ELIC team members gave presentations at LREC-COLING 2024 (May 20-25) and at Field Matters 2024 (August 16).
Shulin Zhang, John Hale, Margaret Renwick, Zvjezdana Vrzić, and Keith Langston. 2024. An Evaluation of Croatian ASR Models for Čakavian Transcription. In Proceedings of the 2024 Joint International Conference on Computational Linguistics, Language Resources and Evaluation (LREC-COLING 2024), pages 1098–1104, Torino, Italia. ELRA and ICCL.
Austin Jones, Shulin Zhang, John Hale, Margaret Renwick, Zvjezdana Vrzic, and Keith Langston. 2024. Comparing Kaldi-Based Pipeline Elpis and Whisper for Čakavian Transcription. In Proceedings of the 3rd Workshop on NLP Applications to Field Linguistics (Field Matters 2024), pages 61–68, Bangkok, Thailand. Association for Computational Linguistics.
As part of the NSF-funded ELIC project, PI Keith Langston and Co-PI Zvjezdana Vrzić organized two workshops at the University of Rijeka and Juraj Dobrila University of Pula in July. Project team members worked to further refine the annotation system for the different varieties included in the corpus and were trained in the use of ELAN for annotation of the corpus data.
Langston, Keith, Silvana Vranić, and Zvjezdana Vrzić. “Language variation and contact between closely related varieties: Čakavian dialects in the Istria-Kvarner region of Croatia”
Langston, Keith, Zvjezdana Vrzić, Margaret Renwick, and John Hale. “The construction and annotation of a spoken corpus for language documentation and research: The Endangered Languages in Contact in Istria and Kvarner project (ELIC)”
As part of the NSF-funded project “Endangered languages in contact in Istria and Kvarner, Croatia (ELIC)”, Dr. Keith Langston (PI) and Dr. Zvjezdana Vrzić (NYU, Co-PI) led two workshops in Croatia at the University of Rijeka and University of Pula in June, assisted by Dr. Silvana Vranić (University of Rijeka) and Dr. Ivana Lalli-Paćelat (University of Pula), who are also collaborating on this project. The goal of this research is to create an online spoken corpus of four endangered language varieties found in this region of Croatia: Čakavian (Slavic) and Istriot, Istro-Romanian, and Istro-Venetian (Romance). The corpus will be used to document these varieties, to analyze linguistic features of interest, and to study language contact phenomena. It will also be available to local community members, for use in language maintenance and revitalization projects or for other purposes. Other UGA researchers working on this grant are Co-PIs Dr. John Hale and Dr. Margaret Renwick.
During the workshops, research team members discussed and refined the system of transcription and annotation used in the project and consulted with one another about the individual transcriptions that they were currently working on. Researchers and assistants are currently focused on processing Čakavian and Istro-Venetian interviews that have been recently collected. The transcription of Istro-Venetian poses special problems because of language variation and the lack of any established orthographic norms.
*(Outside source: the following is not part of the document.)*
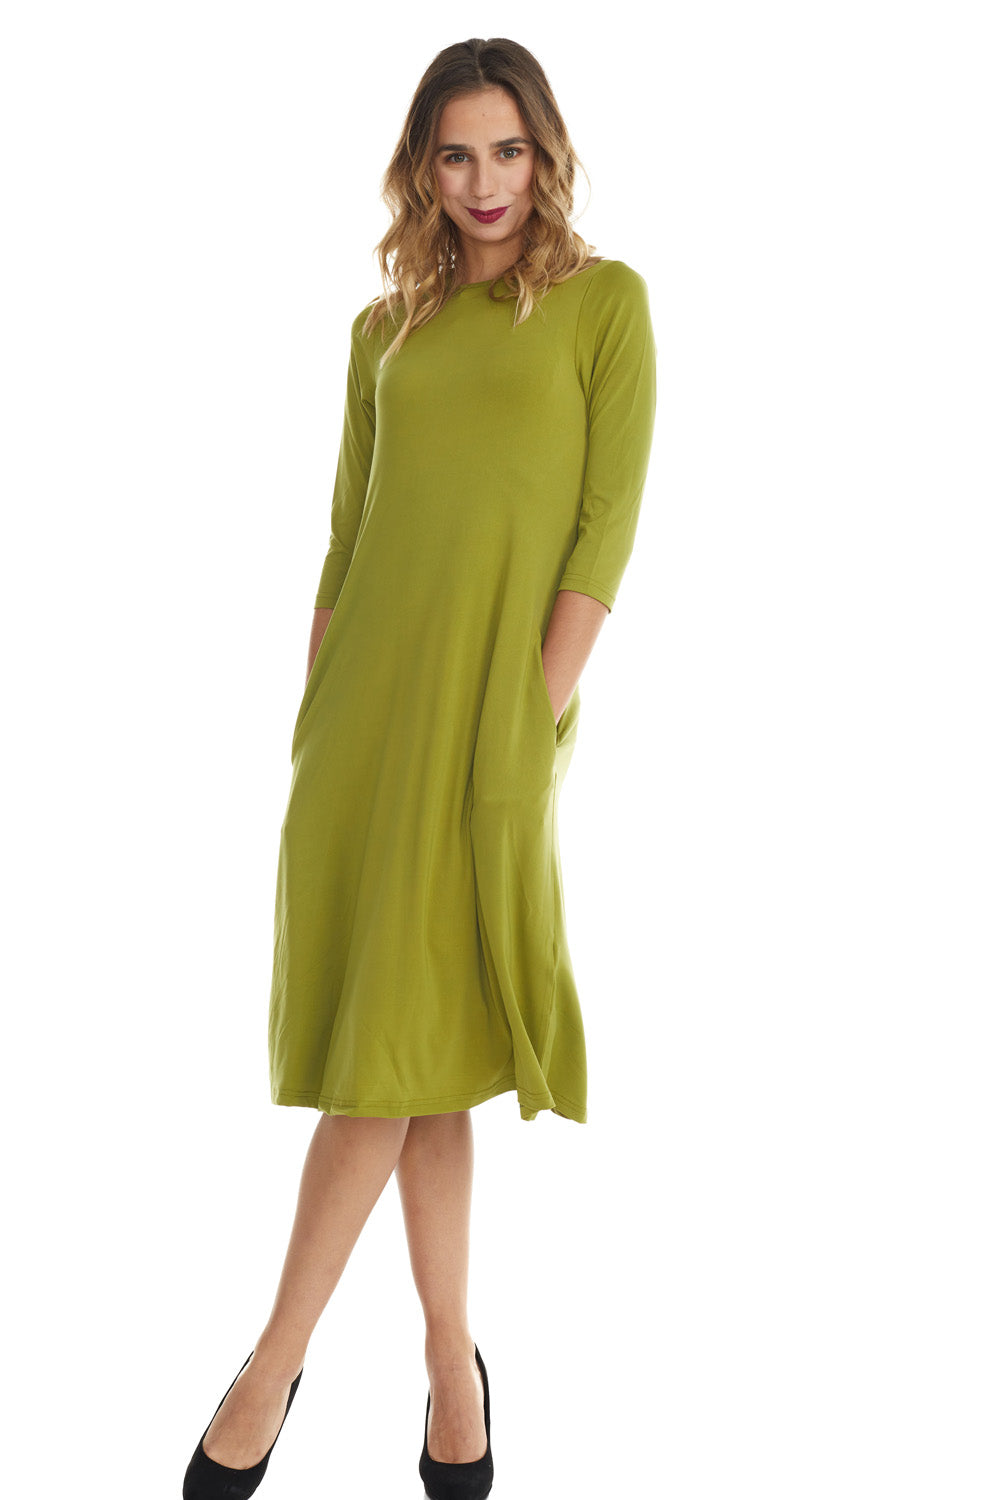 green flary below knee length 3/4 sleeve crew neck modest tznius a-line dress with pockets

Since the corpus will include audio, researchers are developing a systematic orthographic transcription that is designed to be broadly acceptable to members of the local community, taking into account the variation in informal written usage.
The first (hopefully annual) CresSSLing was a big success. We had a great group of young scholars, and I was really impressed by their passion and their ideas for their own research projects. Congratulations to the organizers, Dr. Silvana Vranić (University of Rijeka) and Dr. Zvjezdana Vrzić (New York University). I’m already looking forward to next year!
I’ll be teaching a course, An introduction to Praat and ELAN for field linguists, in CresSSLing 2022, July 4-8. The summer school will be held in the University of Rijeka’s educational center in the Moise Palace in the town of Cres. It will include courses taught by instructors from the University of Rijeka and University of Jena, with students from various universities in Europe and the US.